Dans la demande, la vitesse de la circulation monétaire entre également en ligne de compte. D'aucuns se demanderont s'il existe une limite à cette vitesse. Ils inclineront à croire que la demande — cette demande qui, avec l'offre, détermine le prix — est quelque chose de tout à fait indéfinissable.
Effectivement, on imagine difficilement pour la circulation monétaire une vitesse telle, qu'aucun progrès commercial ne puisse l'augmenter.
Supposons que nous ayons, à grand'peine, imaginé une vitesse limite de la circulation monétaire, et que quelqu'un propose alors d'imprégner les billets d'hydrogène sulfuré, pour que chacun s'empresse de les transmettre; nous nous apercevrons que la limite que nous imaginions n'était pas encore suffisante.
Mais, en pratique, il importe peu pour la demande d'aujourd'hui, qu'on puisse augmenter demain la vitesse de la circulation monétaire. Sur le marché, c'est « aujourd'hui » qui compte ; « demain » n'importe que dans la mesure où l'on sait de quoi il sera fait. Il est impossible d'imaginer, pour les trains, une vitesse telle que plus aucun progrès ne l'augmentera. Néanmoins, pour aujourd'hui, cette vitesse ne dépasse pas la limite fixée par ce qui existe en fait de locomotives, de remblais, de ponts, de courbes. Chacun sait bien qu'il y a une limite à la vitesse où l'on voyage aujourd'hui. Un moment de réflexion nous permettra de nous familiariser avec l'idée que le numéraire non plus, ne peut pas circuler de nos jours à n'importe quelle vitesse, et que la technique commerciale actuelle fixe pour la circulation monétaire une limite absolument infranchissable pour le moment.
Ceci ne veut pas dire que l'organisation commerciale actuelle soit imperfectible. Elle se perfectionne tous les jours. En substituant à la diversité chaotique des anciennes pièces un système monétaire unique, dispensant de vérifier chaque pièce, la réforme monétaire allemande a certainement permis au numéraire de circuler plus vite (1).

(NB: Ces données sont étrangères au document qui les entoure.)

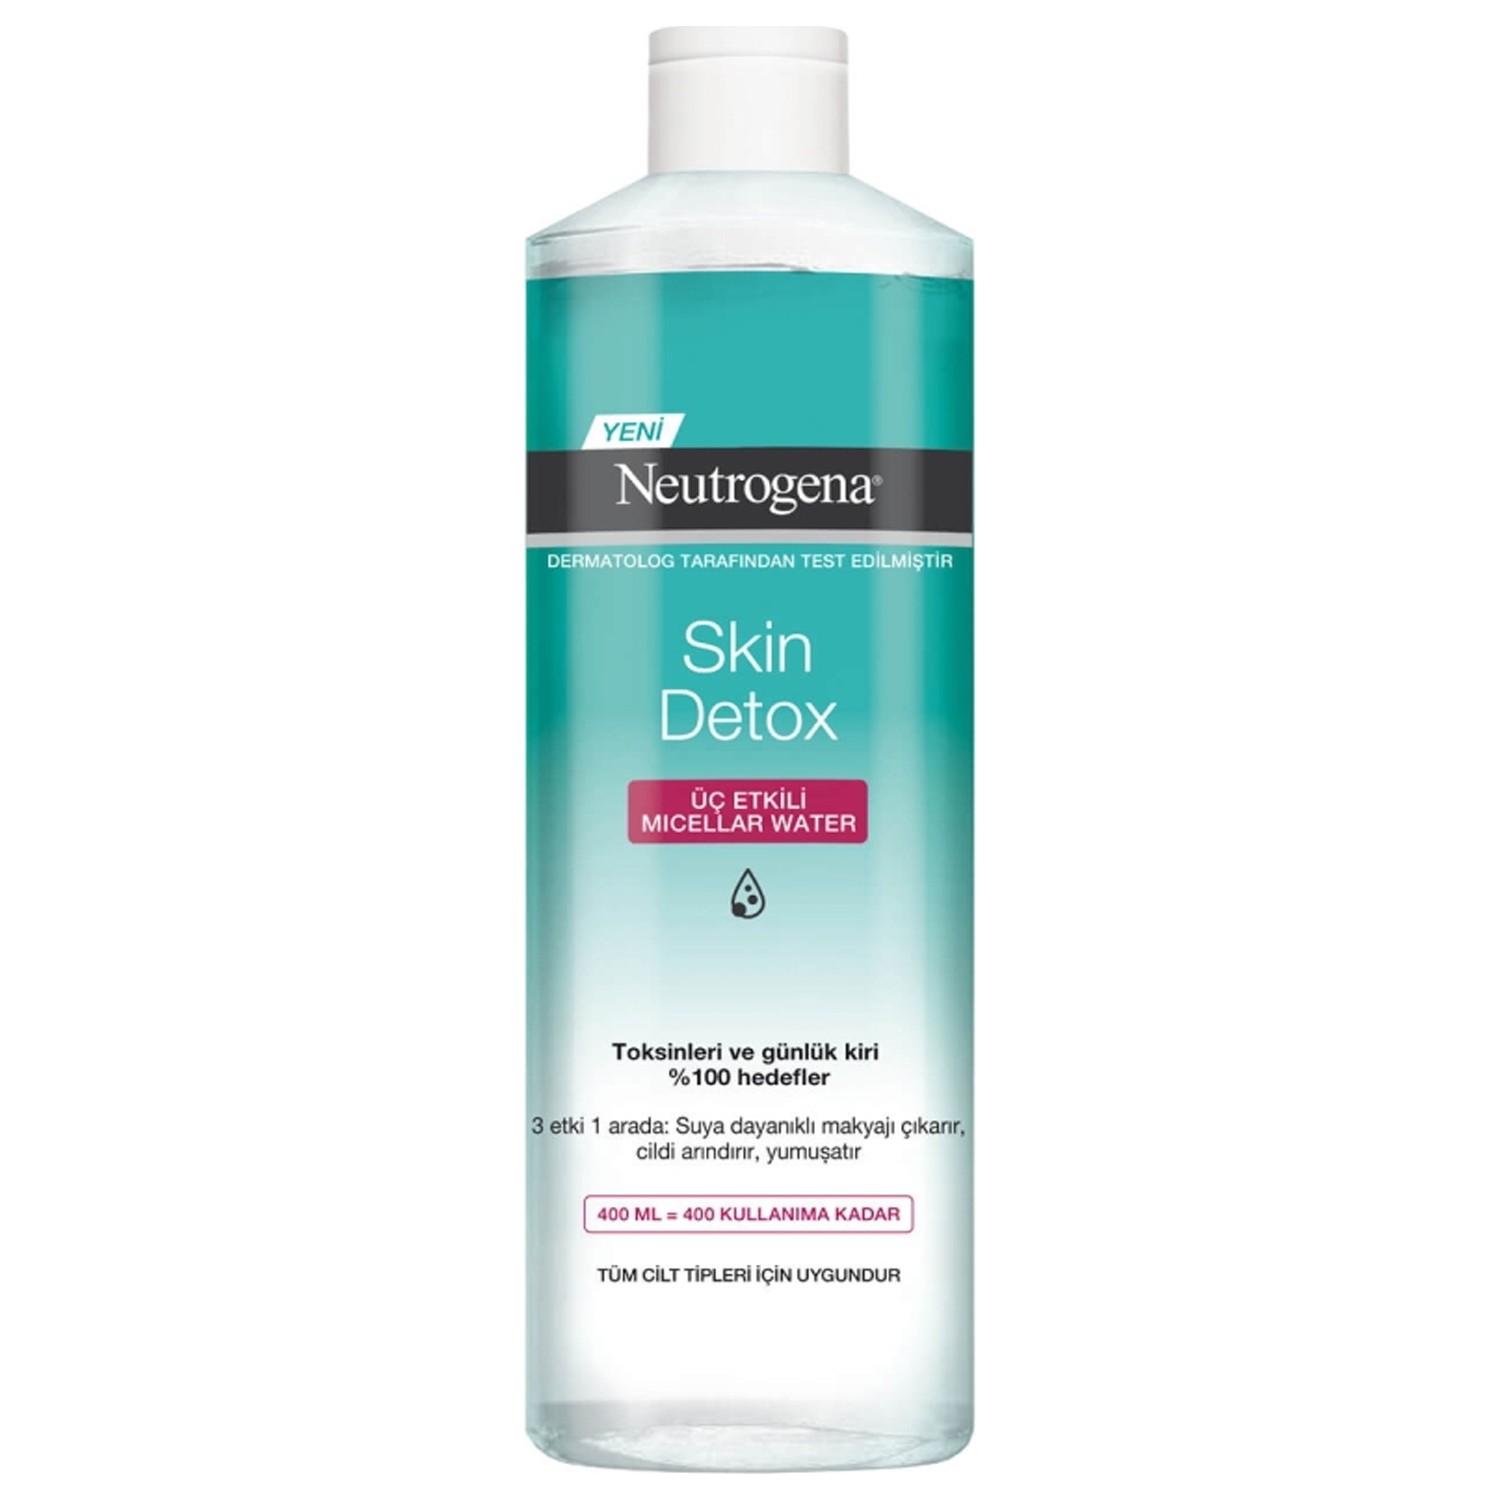 цена Мицеллярная вода Neutrogena Skin Detox Tip для снятия макияжа, 400 мл

(1) On peut d'ailleurs attribuer à cette réforme un effet opposé. Mieux garantie contre les pertes au change et contre le faux monnayage, la nouvelle monnaie doit exercer sur les thésauriseurs plus d'attrait que les frustes groschens, thalers et florins. Thésauriser, c'est gêner la circulation de l'argent. II est donc certain que, dans une certaine mesure, la réforme a freiné la circulation monétaire.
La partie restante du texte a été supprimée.